The massive fire has forced the evacuation of Fort McMurray, Alberta's 88,000 residents, as the town, located in the heart of the oil-producing region of the province, has been overwhelmed by flames.

Oil sands companies have shut in at least 720,000 barrels per day (bbl/d) of crude output, according to Reuters calculations, out of Canada's total oil sands production of 2.2 MMbbl/d, though some operators including Syncrude and Imperial Oil have not disclosed how much production is offline.

Some analysts estimated at least 1 MMbbl/d is offline. Yet, they anticipated production will resume without much difficulty, though most companies had not announced when they expect activity to restart. Suncor Energy Inc., which has taken 350 Mbbl/d of capacity offline, said it expects to make a prompt return to full production, and planning for restart is well advanced.
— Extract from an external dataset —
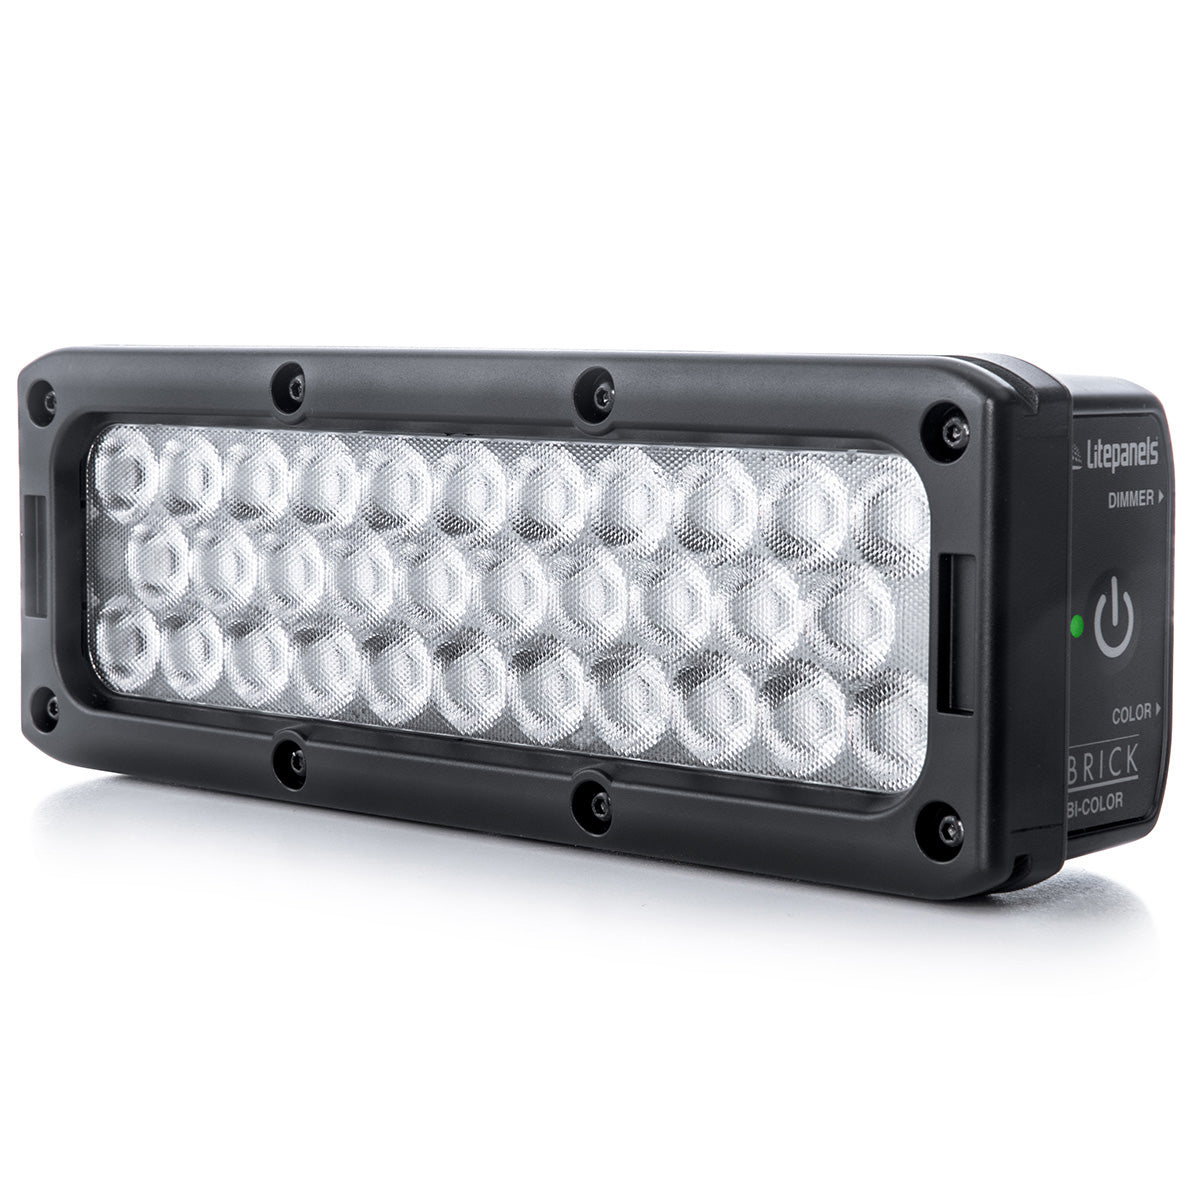 Litepanels(ライトパネルズ) LEDライト Brick バイカラーキット (910-0001)

"Clearly, while the disruptions last, they will be price supportive for Western Canadian crude," Julius Walker, senior analyst at JBC Energy GmbH in Vienna, said, adding that high stock levels in the U.S. and Canada mean it "makes sense for refineries to not yet be too concerned about supplies."

The wildfire also stymied transportation of crude and feedstocks normally delivered via trains, pipelines and roads across the vast oil sands, which hold the world's third-largest crude reserves after Saudi Arabia and Venezuela.
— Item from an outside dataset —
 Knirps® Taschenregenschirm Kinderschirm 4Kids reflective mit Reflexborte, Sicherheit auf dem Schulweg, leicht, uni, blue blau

Western Canadian Select (WCS) heavy blend crude for June delivery traded at $11.90/bbl under the West Texas Intermediate benchmark on May 6, according to Shorcan Energy Brokers. It settled at $12/bbl under U.S. crude on May 5.
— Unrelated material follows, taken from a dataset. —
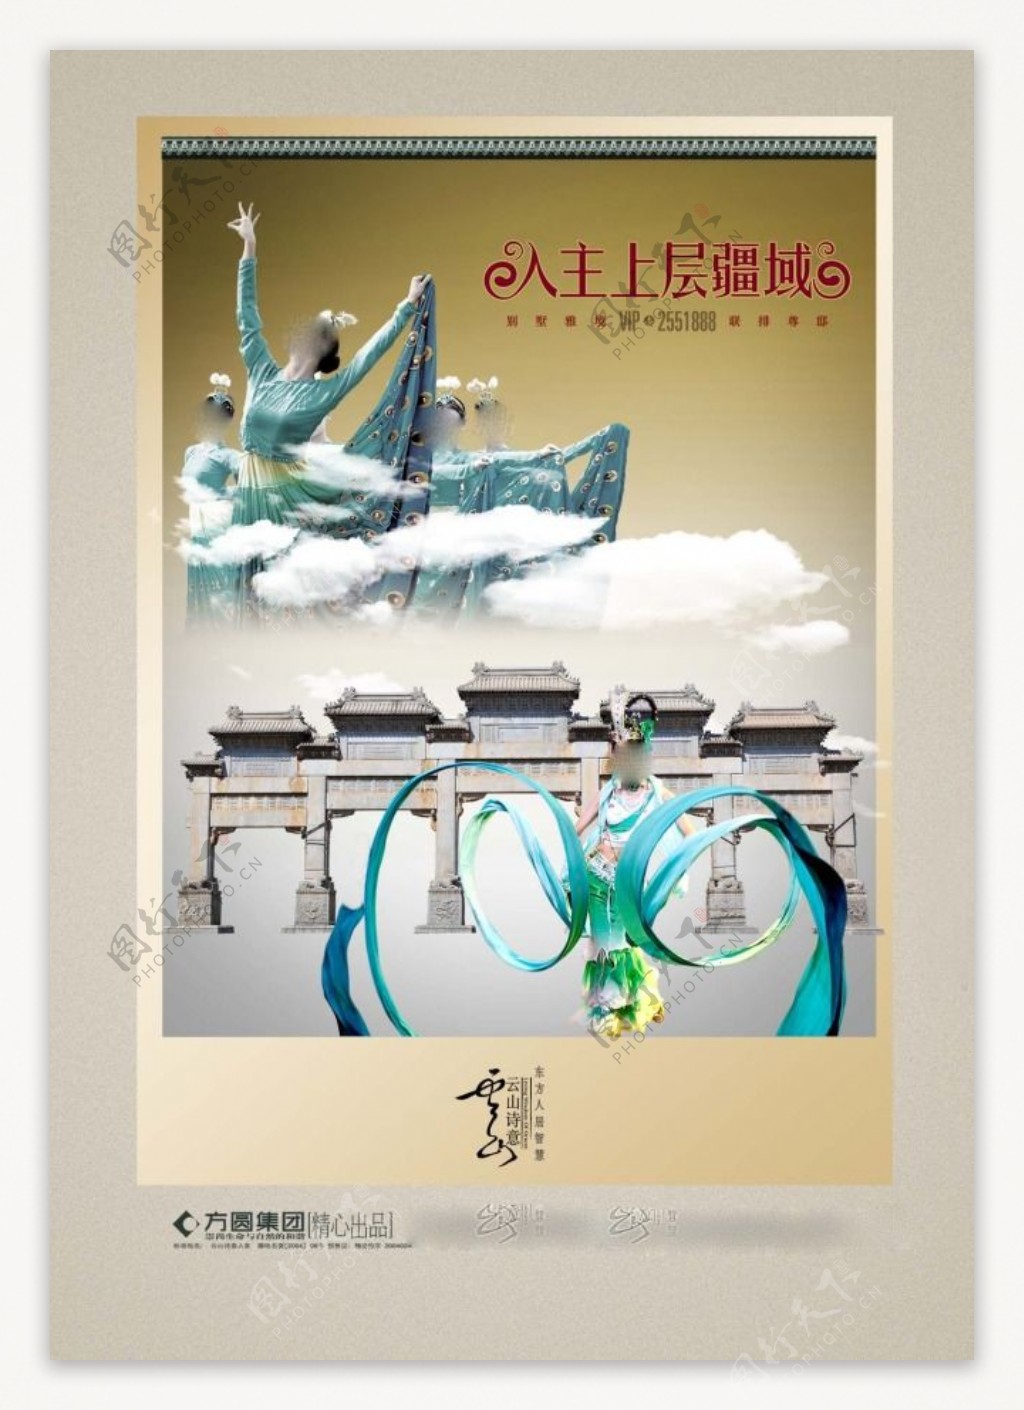 中国风海报设计入主上层疆域牌坊舞蹈

Concerns about temporary shortages boosted light synthetic crude prices on May 5, as the thinly traded May contract doubled in price. It posted one trade on May 6, with light sweet synthetic trading at a premium of $7 to U.S. crude, same as on May 5.

The wildfire has forced 10 oil sands operators including Suncor and Shell Canada to reduce production because workers have had to flee Fort McMurray, and in some cases evacuate operations as a precaution.

More than 20 oil operations are clustered in a 100-kilometer (60-mile) radius of the city, according to government data. Pipelines have also been affected, raising worries about the delivery of diluent, which is normally blended with the viscous bitumen found in the oil sands to produce Canadian heavy crude.